Hong Kong Med J 2025;31(Suppl 7):S13-7
Mate-pair low-pass genome sequencing for prenatal diagnosis of fetuses with ultrasound anomalies: abridged secondary publication
Z Dong1, TY Leung1, IFM Lo2, YKY Kwok1,2
1 Department of Obstetrics and Gynaecology, The Chinese University of Hong Kong, Hong Kong SAR, China
2 Clinical Genetic Service, Department of Health, Hong Kong SAR, China
 
 
  1. DNA from 400 fetuses with ultrasound anomalies was examined using chromosomal microarray analysis (CMA) and low-pass mate-pair genome sequencing (GS) to identify clinically significant copy-number variants (CNVs), structural variants, and regions with absence of heterozygosity
  2. CMA and low-pass mate-pair GS reported diagnostic yields of 8.5% and 10.3%, respectively.
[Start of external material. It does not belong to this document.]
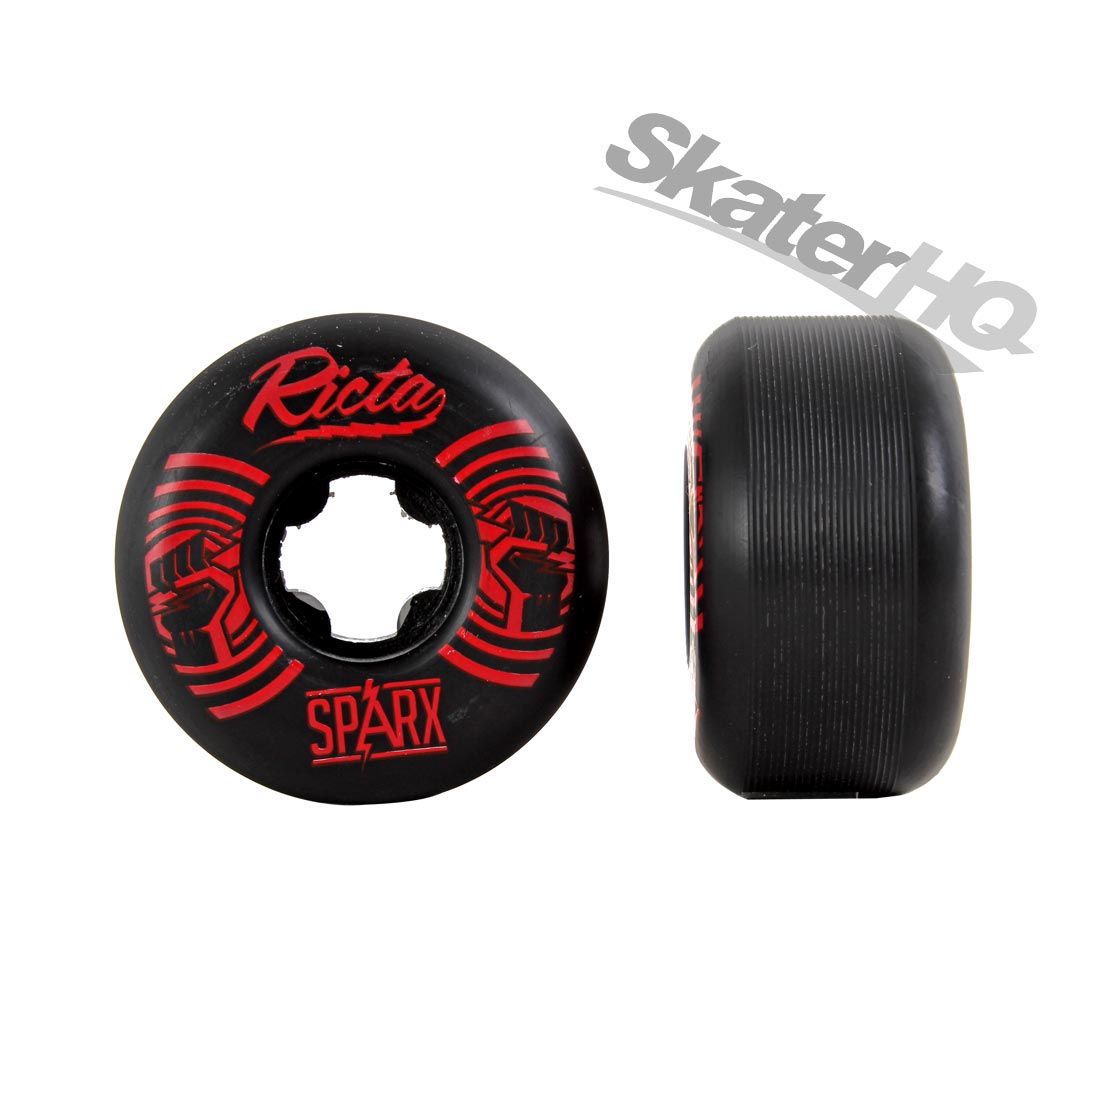 Ricta Sparx Shockwaves 53mm Black Skateboard Wheels

  3. Low-pass mate-pair GS additionally identified cryptic CNVs (n=4) and mosaic CNVs (n=2), and reclassified 12 (60%) of 20 variants of uncertain significance identified by CMA.
  4. Low-pass mate-pair GS classified 14 structural variants as variants of uncertain significance due to the unavailability of cultured cells for RNA sequencing or inconclusive RNA sequencing results in the submitted samples.
  5. Low-pass mate-pair GS can serve as an alternative for the confirmation of fetal ultrasound anomalies.